Roe, that was a tough decision to make, but one that you made for your sake and the family's sake. This poor puppy might end up being sold to someone else who will have to take on all the worries, pain and financial stress! The "breeder" doesn't sound like a very good one.

Do be careful, Roe. Just because puppies are bred at home, with the family, in good surroundings doesn't at all mean they are healthy. I'm sure they're happy, but healthy? Only testing can show you that and you want to see results of testing done on the parents. If a breeder can't show you those, you have to wonder why and run away. It's not worth falling in love with a puppy face and then finding out it could very well have many health problems.

True that there are no guarantees and no amount of testing on parents can assure the pup will have NO health problems at all, but the odds are on your side at least. 

Good luck!


----------



## juliav (Nov 21, 2006)

Roe,

I am sorry you had such a tough time, but the right dog will be there for you. You are right, patience is the key.


----------



## irnfit (Nov 21, 2006)

*TINY HAVS*

Just had to tell you...
When we went to the "Spring fling" today at my vet's office, in walked a couple, probably around 70 or so. They were carrying this adorable little black dog with white paws that I recognized as a Hav. They said yes it was a Hav. "What are your dogs?" When I said Havanese, they looked very surprised. Reason being, their dog was 2 yrs old and very, very tiny. It was 1/2 the size of mine. I thought she was a 5 month old puppy. She was really adorable and very friendly, and had a great coat.

I was a little surprised when they said she was 2 yrs old, but I have seen smaller Havs, like Linda's Bella. What got me was their reaction to me telling them that my dogs were Havs, too. They almost acted like they didn't believe me.


----------



## Lina (Apr 26, 2007)

Michele, I have gotten the same kind of reaction from people with smaller Havs here in the city. But most of the other Havs I meet are Kubrick's size or bigger (they look the same size but without all the hair - all Havs I have met in the city have been in puppy cuts, Kubrick is the ONLY Hav at the dog park in full coat) so I just shrug them off.


----------



## Roe (Jan 5, 2008)

So far I have come across only one hav in my area. He was about the same size as Pebbles but in a puppy cut. People stop me all the time and admire her. No one knows what she is until I tell them.She has a lot of hair and I have kept it long so far and she is only 11 months with all this hair. Pebbles hates being brushed and it is a struggle so she may get a puppy cut soon. 
Pebbles is 10 lbs 7 oz which I think is perfect. 

Roe


----------



## lfung5 (Jun 30, 2007)

irnfit said:


> Just had to tell you...
> When we went to the "Spring fling" today at my vet's office, in walked a couple, probably around 70 or so. They were carrying this adorable little black dog with white paws that I recognized as a Hav. They said yes it was a Hav. "What are your dogs?" When I said Havanese, they looked very surprised. Reason being, their dog was 2 yrs old and very, very tiny. It was 1/2 the size of mine. I thought she was a 5 month old puppy.
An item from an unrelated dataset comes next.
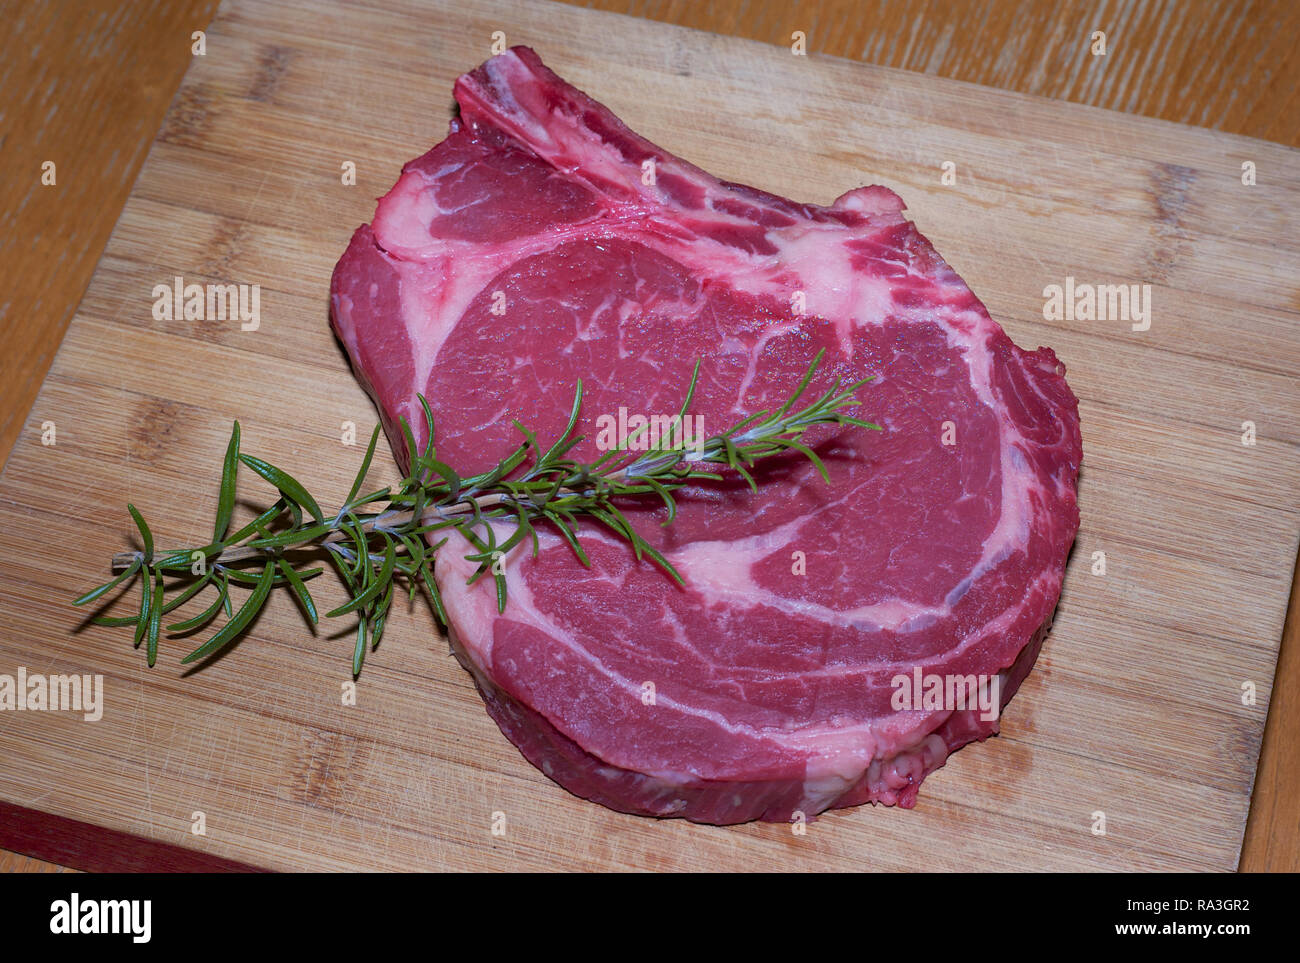 Raw Prime Rib of Beef on a Wooden Board Stock Photo

She was really adorable and very friendly, and had a great coat.
> I was a little surprised when they said she was 2 yrs old, but I have seen smaller Havs, like Linda's Bella. What got me was their reaction to me telling them that my dogs were Havs, too. They almost acted like they didn't believe me.
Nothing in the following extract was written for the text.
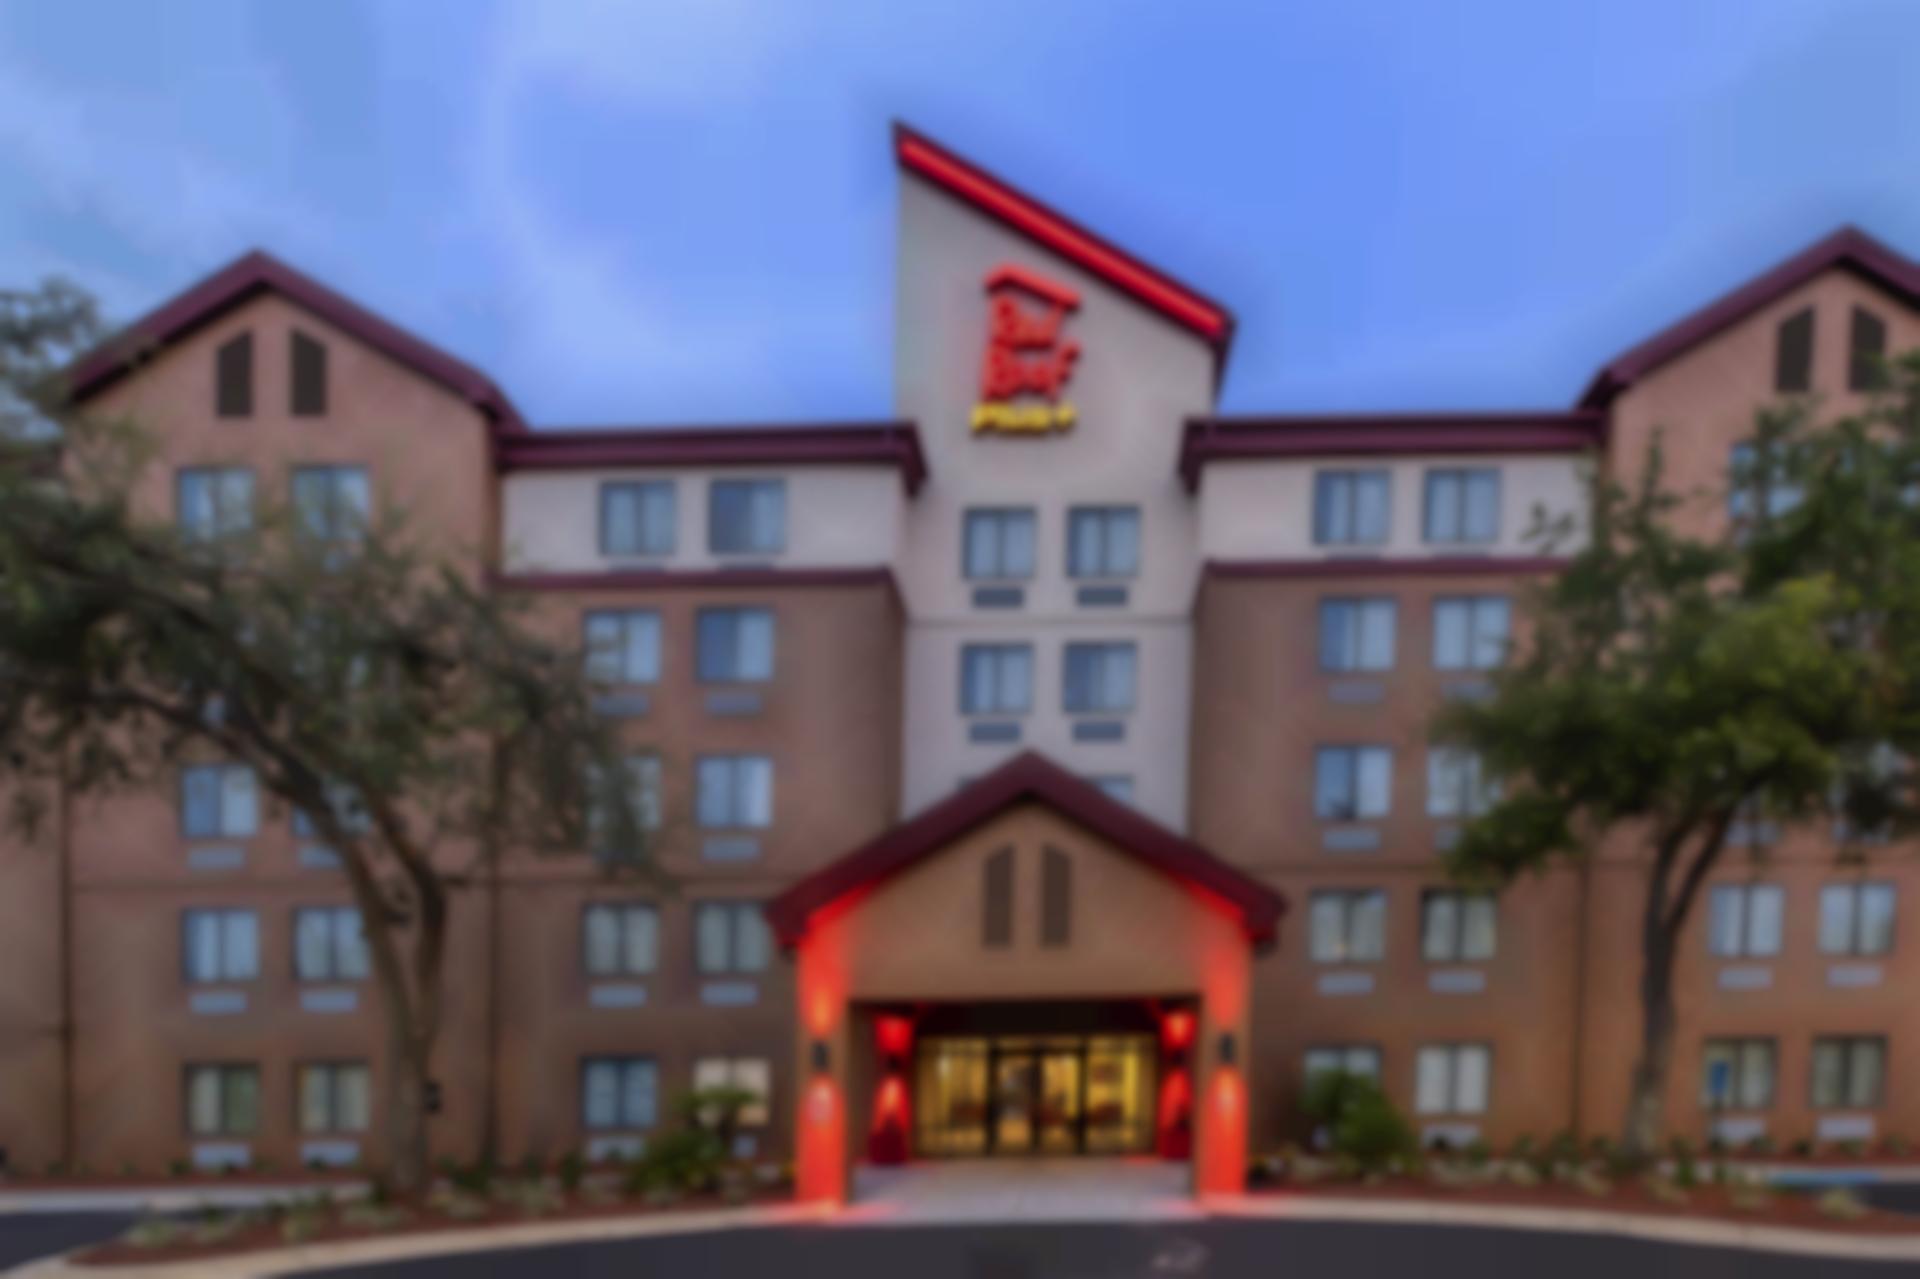 Red Roof Inn PLUS+ Jacksonville - Southpoint

People are clueless. Bella is way too small for a havanese. I guess these people don't go to the shows. Bella looks more like a Maltese! I think Fred and Scudder's size is more the norm. and they are 15lbs.


----------



## irnfit (Nov 21, 2006)

Just got a pic of the little 2 year old Hav I was talking about. Isn't she cute.
http://share.shutterfly.com/action/...427925a4db&auto=0&idx=190&m=1&d=1206400643107


----------



## Lina (Apr 26, 2007)

Michele, it says that the album isn't shared.


----------



## irnfit (Nov 21, 2006)

When I click on the link it comes up? Maybe I can download to my picture file and send it. I guess you'll just have to take my word for it, but she is cute - small but cute.

Let's see if this works.


----------



## trueblue (Jan 22, 2008)

When I first took Cricket to her "sitter," she was amazed at how big Cricket is. I think she's an average sized pup (4.5 lbs at 9 weeks), but the sitter thought she would be much smaller than that. The super teeny tiny teacup pups just ain't my cup of tea.


----------



## Lina (Apr 26, 2007)

Kim, that's insane! 4.5lbs at 9 weeks is completely normal, maybe even a little on the smaller side. Kubrick was 5.75lbs at 13 weeks. It sort of makes me mad how people are so used to "tiny" dogs now that a 4.5lb Hav puppy is considered big! It's just not right.


----------



## marjrc (Jan 13, 2007)

Lina, I feel the same way. I cringe when I get owners of tiny dogs coming into the store for food. I mean, it's o.k. if they SUPPOSED to be tiny, a la Chihuahua, but 2 lb. Yorkies ?! sigh....... 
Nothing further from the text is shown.